Neo: The World Ends with You received "generally favorable" reviews from critics, according to review aggregator website Metacritic. Eurogamer praised the characterization and design of the characters, finding them suitable for a The World Ends with You sequel as they also interact multiple times while participating in the Reaper's Game. Despite finding the combat system initially simplistic, the more development the player has, Neo allows the player to further experiment with multiple type of powers to fight enemies. GameSpot praised the story but had mixed feelings about appeal of the certain cast members and criticized the constant exposition the narrative gives. Nevertheless, he praised the handling of the gameplay.

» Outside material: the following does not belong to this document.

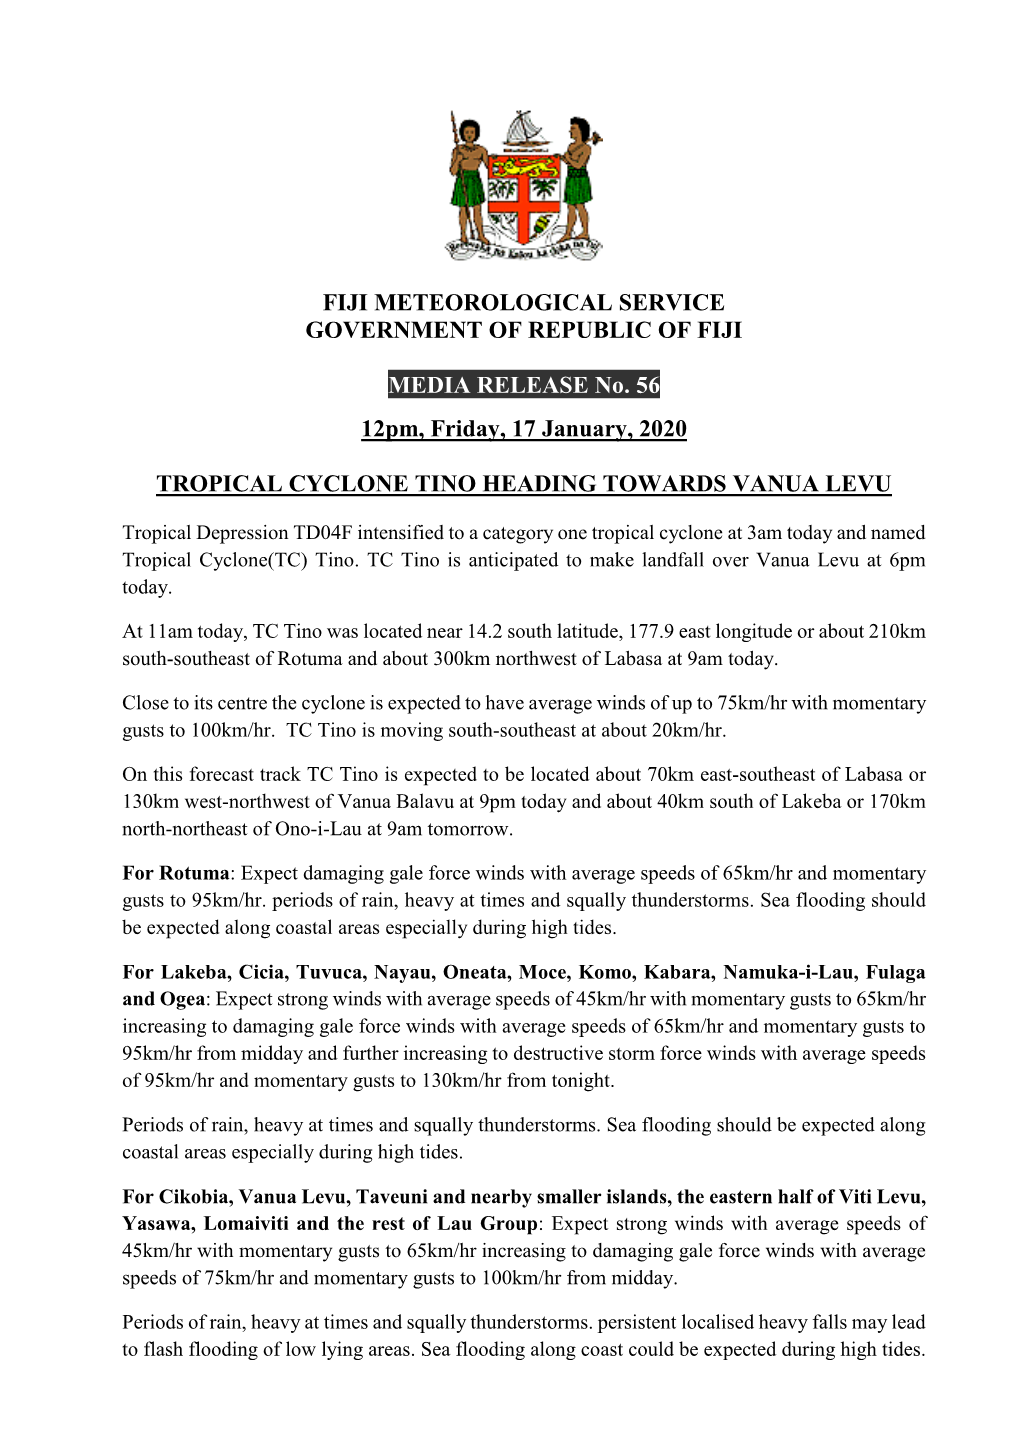 FIJI METEOROLOGICAL SERVICE GOVERNMENT of REPUBLIC of FIJI MEDIA RELEASE No. 56 12Pm, Friday, 17 January, 2020 TROPICAL CYCLONE

Nintendo Life found the game would appeal to both returning players as well as newcomers with the former finding satisfaction in the successor of the original video game and its lead Neku. He praised the initial cast as well as the English localization enough to avoid the Japanese option which multiple gamers tend to prefer. The handling of the combat and grinding through feeding the characters due to the freedom the player is given when it comes to finding Noises, or practise their preferred pins. Nevertheless, he criticized how some fights can be too long. RPGamer enjoyed how each of the main characters have their own unique skills outside combat which gives their own roles in completing the Reaper's Game. IGN found the handling of the character parties more important than in the original where Neku only had one ally in contrast to how Rindo's group increases and they all can have meals together besides having fights. However, IGN heavily criticized the boss fight designs for doing simplistic strategies of attacking and dodging enemies that can frustrate the player considering certain bosses' damage input can be too high.

Aggregate scores
| Aggregator | Score |
|---|---|
| Metacritic | NS: 82/100 PS4: 80/100 PC: 85/100 |
| OpenCritic | 85% recommend |

Review scores
| Publication | Score |
|---|---|
| Destructoid | 8/10 |
| Electronic Gaming Monthly | 5/5 |
| Eurogamer | Recommended |
| Game Informer | 8/10 |
| GameSpot | 7/10 |
| IGN | 7/10 |
| Nintendo Life | 9/10 |
| Nintendo World Report | 8.5/10 |
| Push Square | 7/10 |
| RPGamer | 4/5 |
| RPGFan | 69/100 |
| Shacknews | 8/10 |

=== Sales ===
In Japan, Neo: The World Ends with You sold 18,799 physical units during its first week of release, making it the best-selling retail game.

In November 2021, Square Enix said that the game failed to meet their sales expectations.